Ärzte können die Leistungen in den
eigenen Praxisräumen, beim Patienten oder an sonstigen Orten erbringen. Auch die telefonische oder
schriftliche Erbringung von Leistungen gehört zu diesem Punkt.
… Promotion: Aufgabe der Kommunikationspolitik ist es, die Kunden/Patienten über das eigene Angebot zu informieren und deren Kauf-
entscheidung zu beeinflussen. Dies
erfolgt im Rahmen des sogenannten
Kommunikations-Mix. Dieser ist so
zu gestalten, dass die angestrebte
Wirkung (Information und Überzeugung) mit möglichst geringen Kosten
erzielt wird.
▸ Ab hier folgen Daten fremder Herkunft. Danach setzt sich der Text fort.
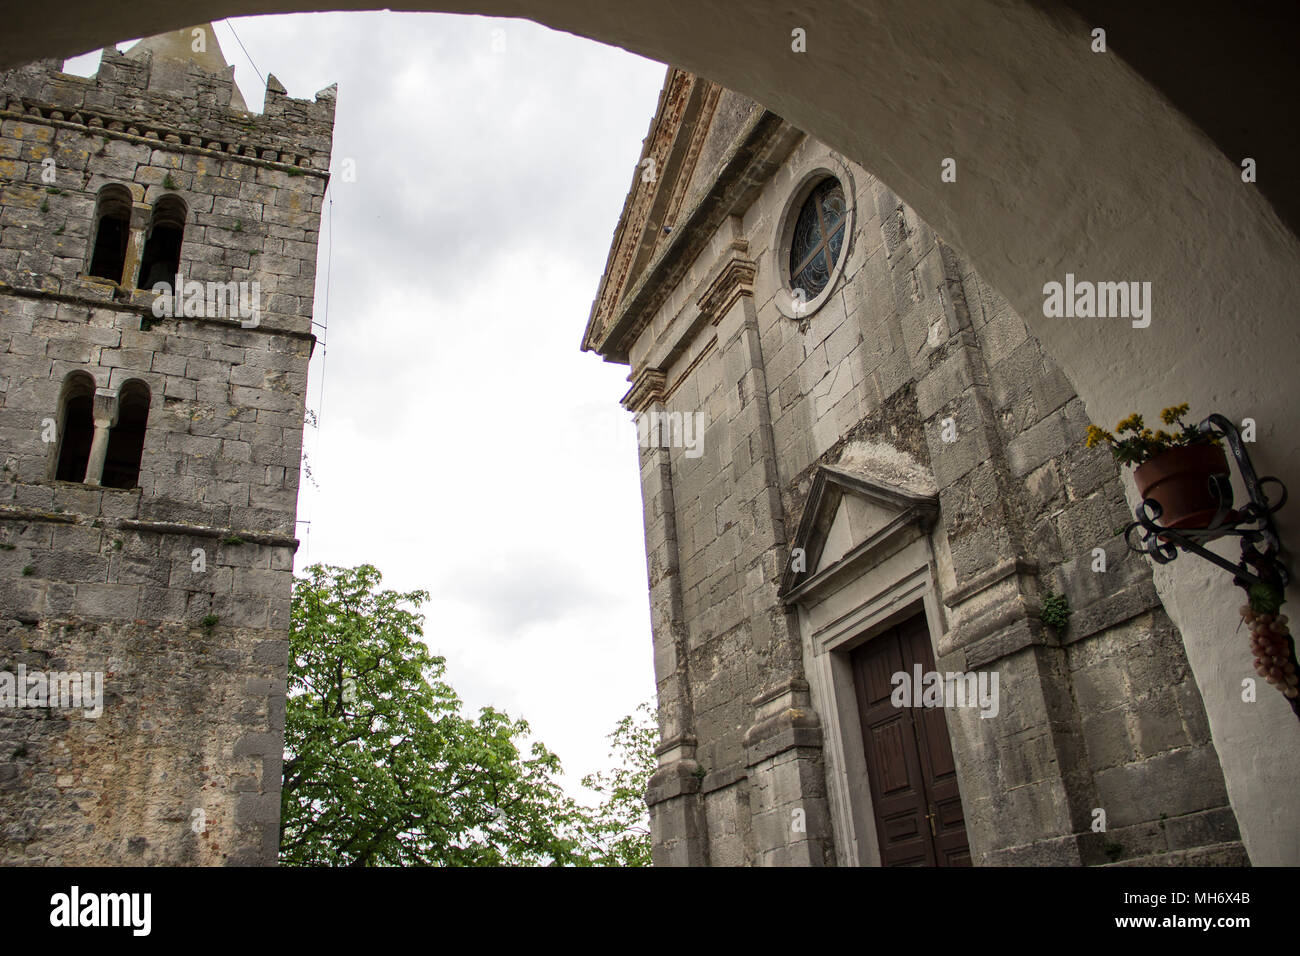 Istrie Central (Istra), Croatie - vieille église en pierre et beffroi dans une petite ville médiévale Hum Banque D'Images

Ärzte kommunizieren
die Vorteile, Alleinstellungsmerkmale
und andere positive Eigenschaften,
Dienstleistungen und Produkte in persönlichen Gesprächen, mittels Werbeanzeigen, verkaufsfördernden Maßnahmen, dem Praxisteam oder Public-Relations-Maßnahmen.
… Price: Die Preise müssen so
gestaltet sein, dass die Patienten
diese als „fair“ und „marktgerecht“
wahrnehmen. Der Preis ist für Kunden eines der Mittel zum Vergleich
zwischen mehreren Anbietern und
daher ein Wettbewerbsinstrument.
Bei der Preisgestaltung gibt es typische Ausprägungen, wie zum Beispiel Saisonrabatte, unterschiedliche Preise für Endkunden und
Händler oder die Preisunterschiede
zwischen Premium- und Standardprodukten. Dieses Instrumentes bedient sich der Arzt täglich in seiner
Praxis: Bestimmte Versicherungsarten ermöglichen höhere Verrechnungssätze.
Wer auch in Zukunft mit seiner
Arztpraxis erfolgreich bestehen will,
muss die Kundenorientierung wirklich leben. Eine hohe Professionalität
in Bezug auf Marketing, das heißt
konsequente Ausrichtung der Praxis
auf den Patienten („Kunden“) – ist in
der Ärzteschaft noch relativ wenig
verbreitet. Aktives und bedürfnisorientiertes Vorgehen in diesem Bereich
bietet ein enormes Gewinnsteigerungspotenzial. Die klare Ausrichtung der Praxis hat eine essenzielle
Bedeutung für die Zufriedenheit aller
Beteiligten: der Ärzte, des Praxisteams und natürlich der Patienten.
Marketing ist die konsequente Ausrichtung der Praxis am Patienten und
baut den wirtschaftlichen Erfolg zielgerichtet aus.